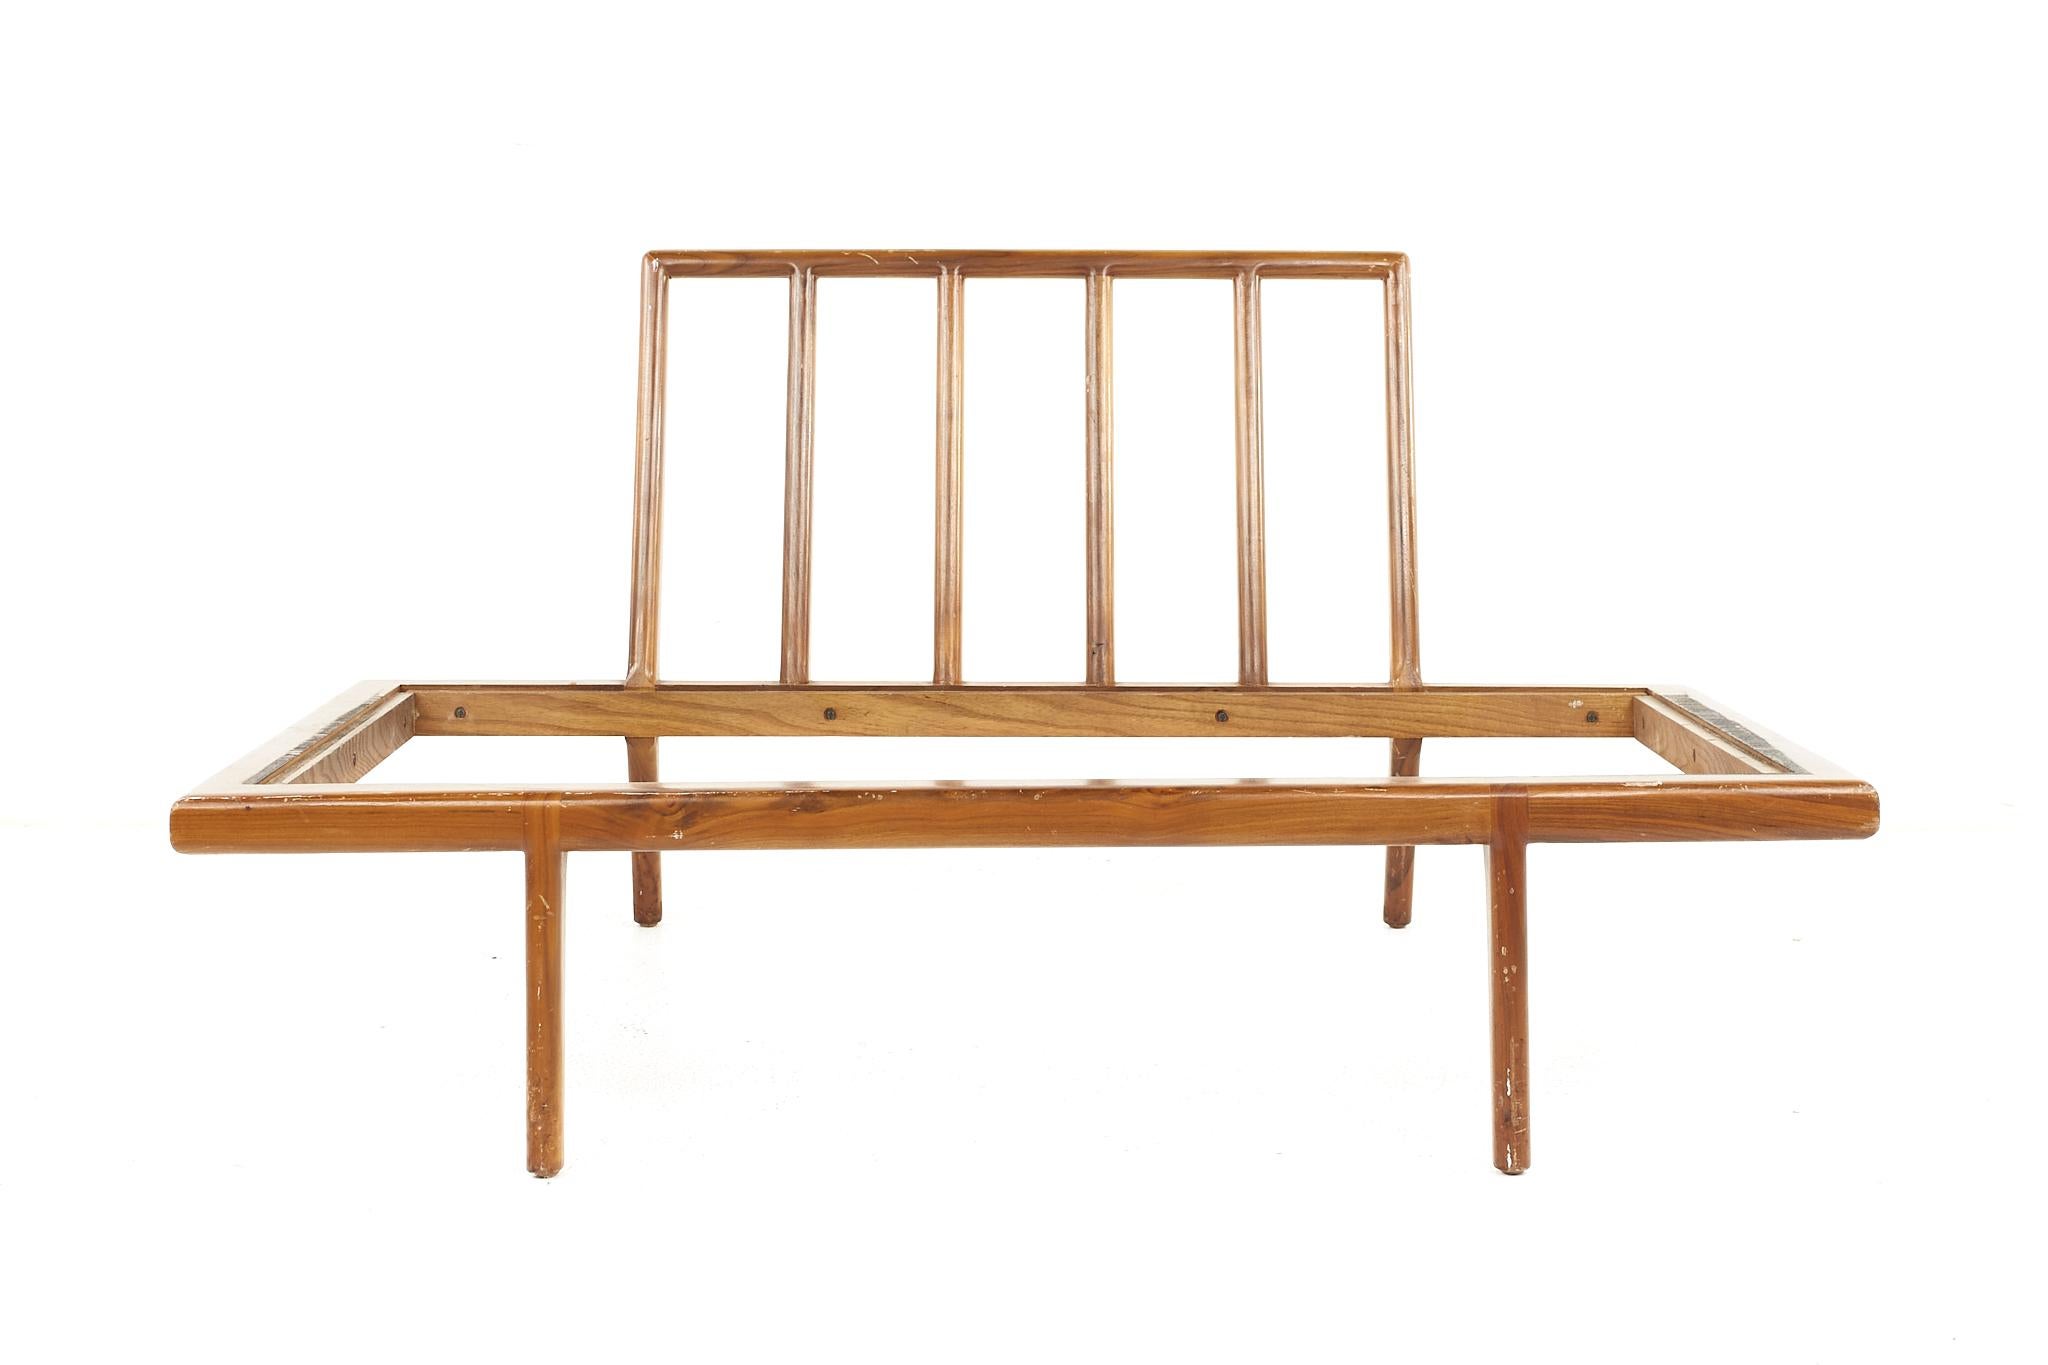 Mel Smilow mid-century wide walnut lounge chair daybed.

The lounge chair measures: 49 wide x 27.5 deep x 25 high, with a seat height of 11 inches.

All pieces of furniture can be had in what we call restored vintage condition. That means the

What the exercise asks:
Retype, exactly as written, each line from the one containing "The lounge chair" through the last line of the listing above, and leave out all other lines.

Output for this exercise:
The lounge chair measures: 49 wide x 27.5 deep x 25 high, with a seat height of 11 inches.

All pieces of furniture can be had in what we call restored vintage condition. That means the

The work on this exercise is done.